BACKGROUND: The laparoscopic treatment for gastroesophageal reflux disease by total fundoplication is the current surgical treatment of choice after failure of appropriate medical treatment. This article shows the learning curve in the Surgical Residency Program. METHODS: We analysed 60 charts of patients submitted to laparoscopic fundoplication between March and October 2005. Patients were separated in 2 groups, and the first 30 cases were compared to the following 30 cases. We collected the following data: operative time, conversion rate, complications ant length of hospitalization. RESULTS: Laparoscopic fundoplication was performed in 18 men and 42 women, with mean age of 48.3 years.
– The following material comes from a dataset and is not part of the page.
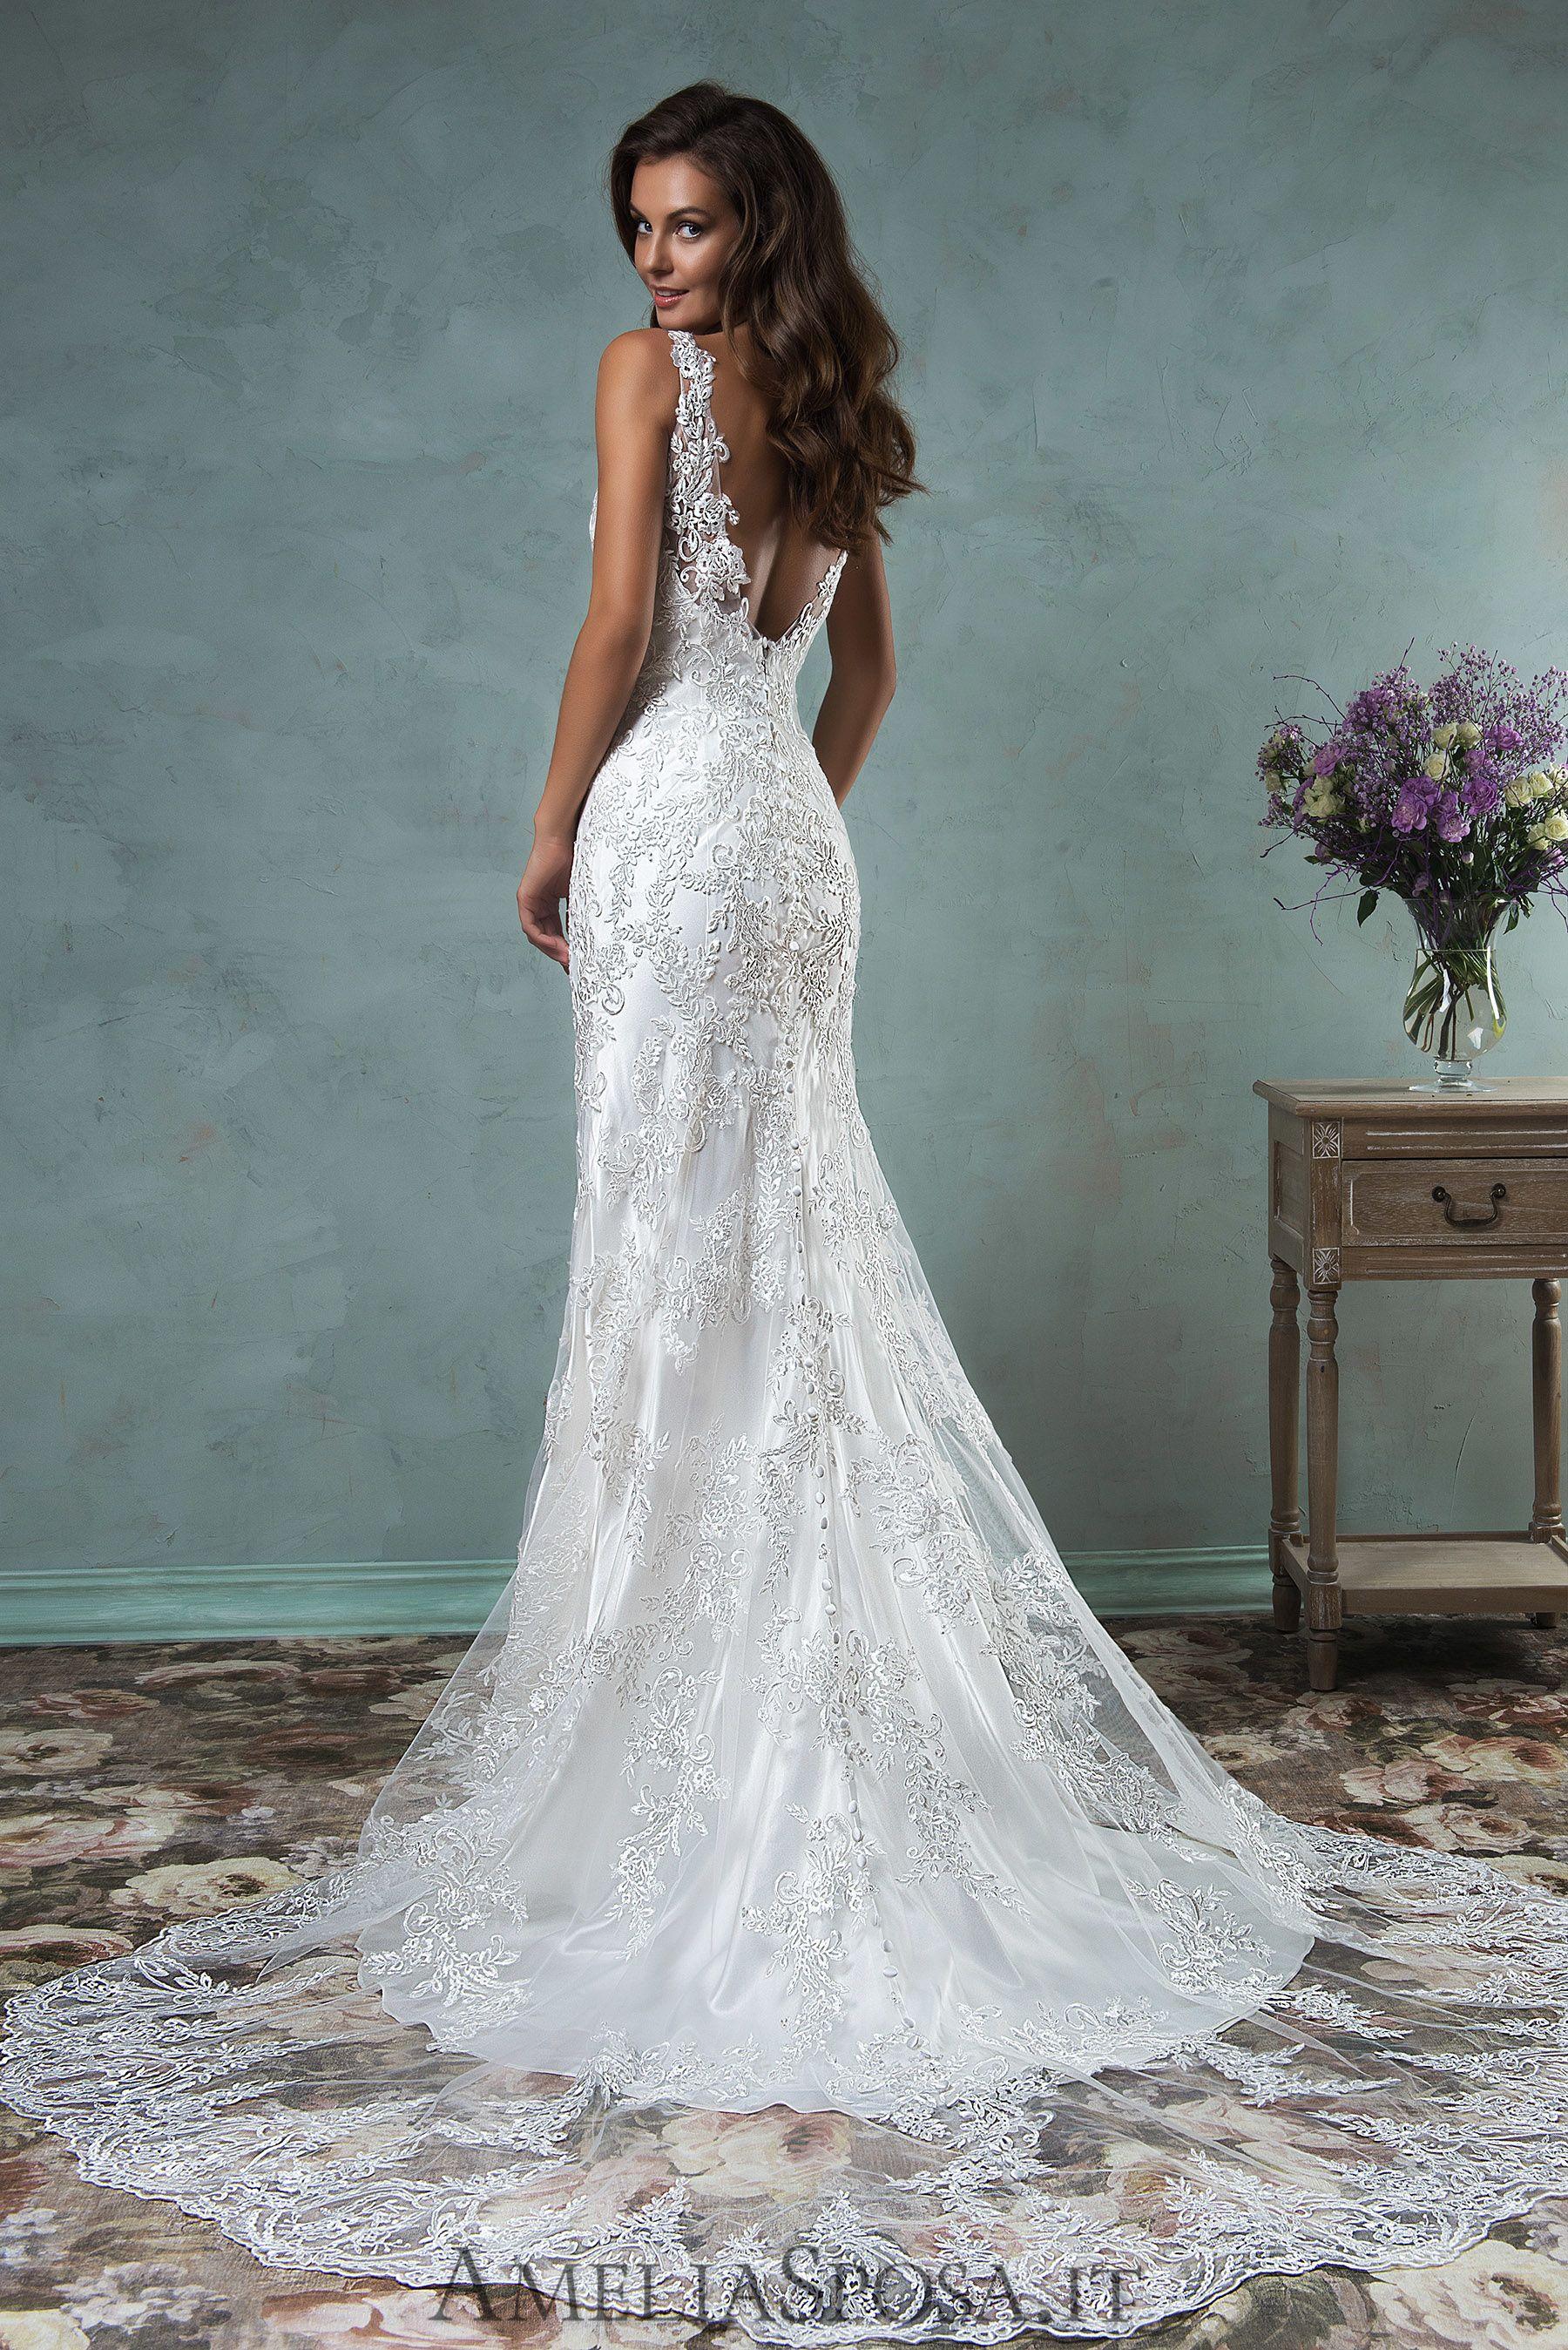 5f3b914319c6 Wedding Dress Adelina, Silhouette: Sheath / Mermaid | Wedding ...

Comparing both groups, there was a significant difference in the total operative time (92.7 vs 76.7 minutes, p=0,003), in the Nissen-Rossetti procedure duration (86.7 vs. 68.4 minutes, p=0,00006) and in the ligation of short gastric vessels time (22 vs. 13.1 minutes, p=0,00005). The number of intraoperative complications was bigger in the first group, but the difference was not statistically significant (p=0,2). No conversion was observed in our series. There was no death. Patients were discharged from the hospital in average at the first postoperative day in both groups (p=0,06). CONCLUSION: Laparoscopic fundoplication can be safely performed by residents in their Residency Program with low morbidity rate. We could demonstrate that the effect of the learning curve was more representative related to the operation time.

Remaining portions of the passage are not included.